The "Laramie Project" literally takes us into the lives of the people Laramie. The play comes from more than two hundred separate interviews that avant garde director and playwright Moises Kaufman and members of his theatre company did over a year and a half. The ten members of the IU cast move seamlessly through portrayals of dozens of the people involved. As the story is told, we hear from the detective in charge, local ministers, the bar tender who served Mathew and his murderers, neighbors, friends and even the two murderers themselves.

Frankly, I was not looking forward to seeing "The Laramie Project" Saturday night. I'd read about the gruesome story. The thought of reliving my initial shock and disgust was little incentive and I was regretting missing the IU Ballet in the Musical Arts Center just up the street from the theatre. I still regret the ballet, but I'm awfully glad that I saw "The Laramie Project."

Live theatre can move me in a way that no other art form does. During the production I came to really feel, as well as think, about how much the people of Laramie are like people that I know, even people like me. The ways in which they grappled with the crime, the arguments that came out about just who was to blame were all familiar. Was it just two local crazies? Was it the university for its tolerance? Was it Mathew's own fault? The understanding that came out of these and further insights in its emotional heft was new. Many of the characters in the play came to see that some of them actively, and most passively had a part of this awful crime. A few like the local catholic priest were able to articulate an intellectual and social position, for many the effects were marked, but less self-conscious.

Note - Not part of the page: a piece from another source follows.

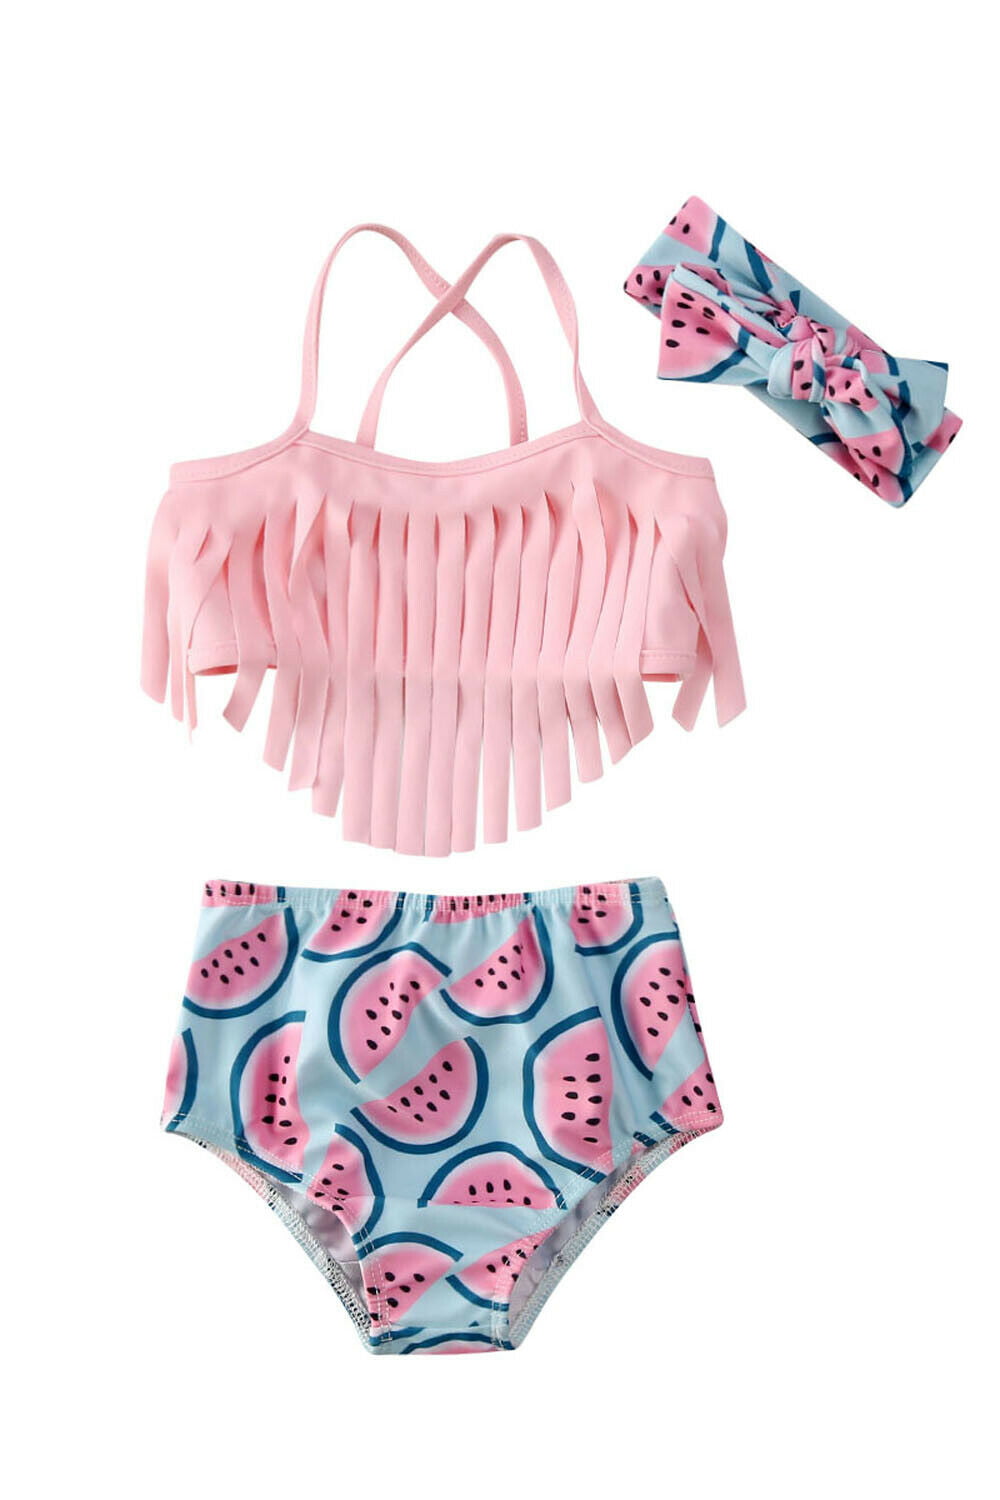 Newborn Toddler Kid Baby Girl Swimwear Swimsuit Bathing Bikini Beachwear Outfit 
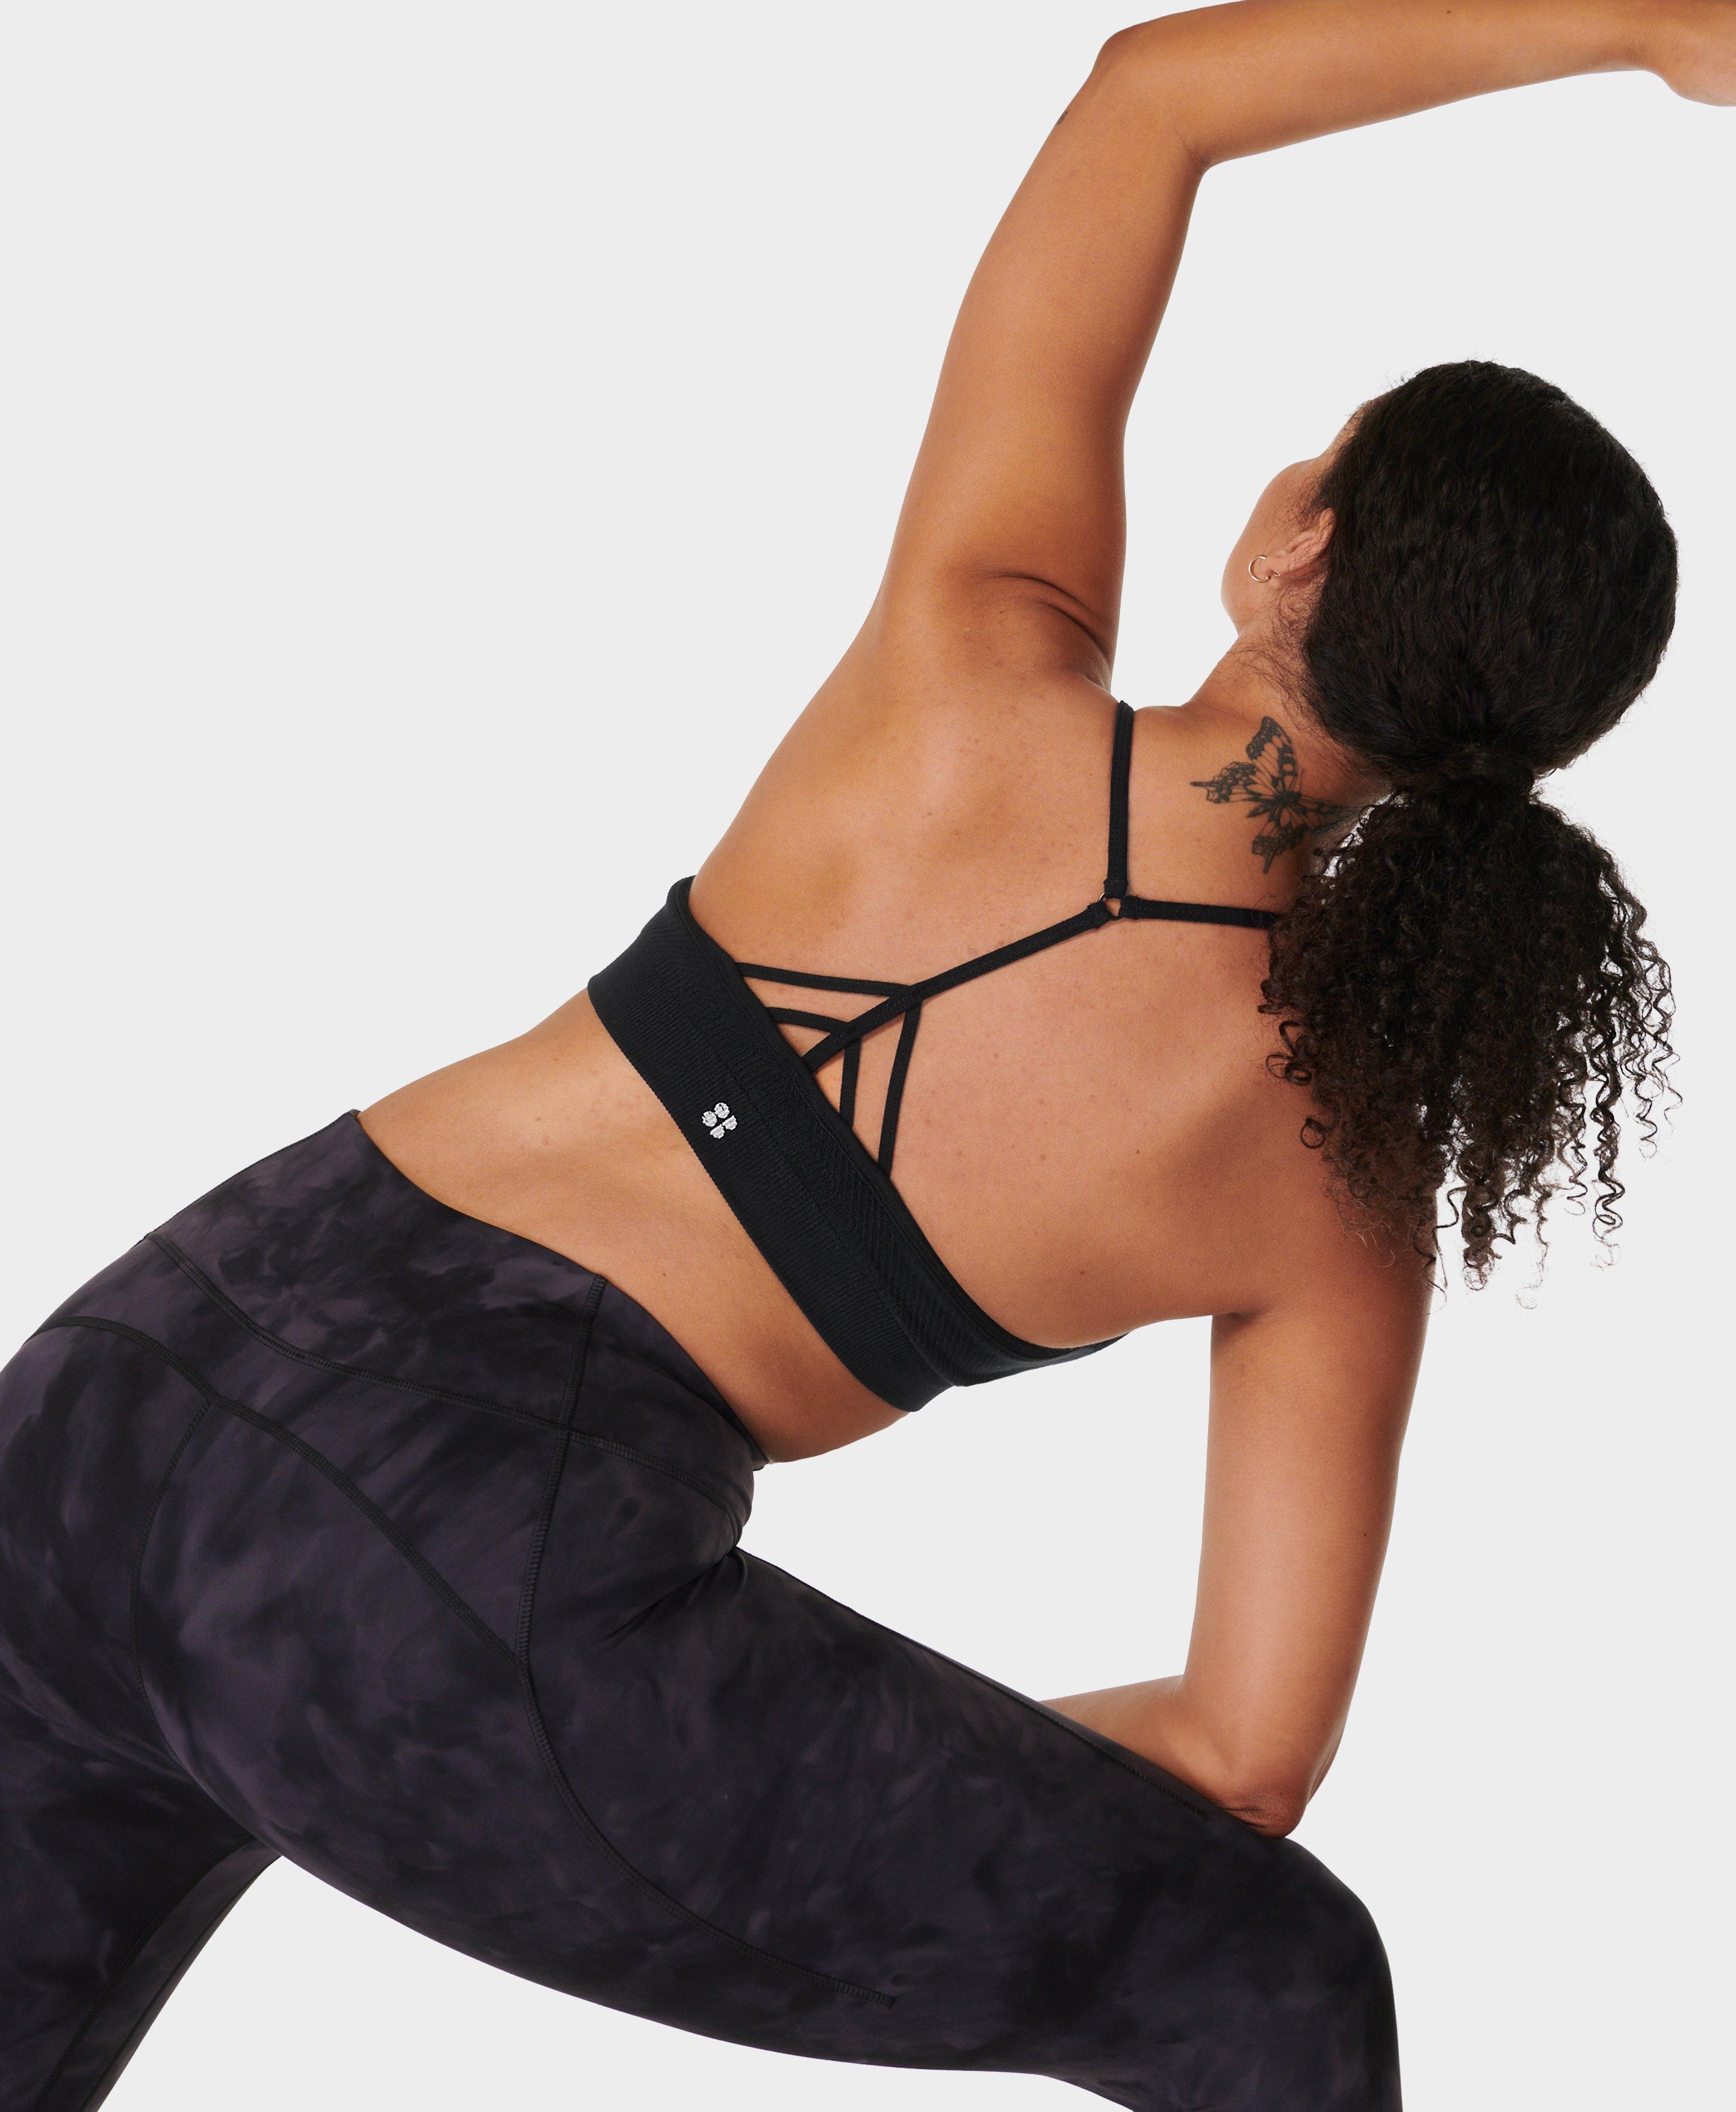 Mindful Seamless Yoga Bra - Black, Women's Sports Bras

The IU Theatre's production of "The Laramie Project" directed by Lynn Perkins in the Wells-Metz Theatre is really quite an amazingly intricate and powerful telling of a complex tale. It plays in the evening through Saturday. On Saturday there is an additional matinee at two.

At least one church group will be coming to picket outside one of the performances. I wish that every church group in the area would come to sit inside and experience this truly involving, transcendent, thought provoking and yes, entertaining piece.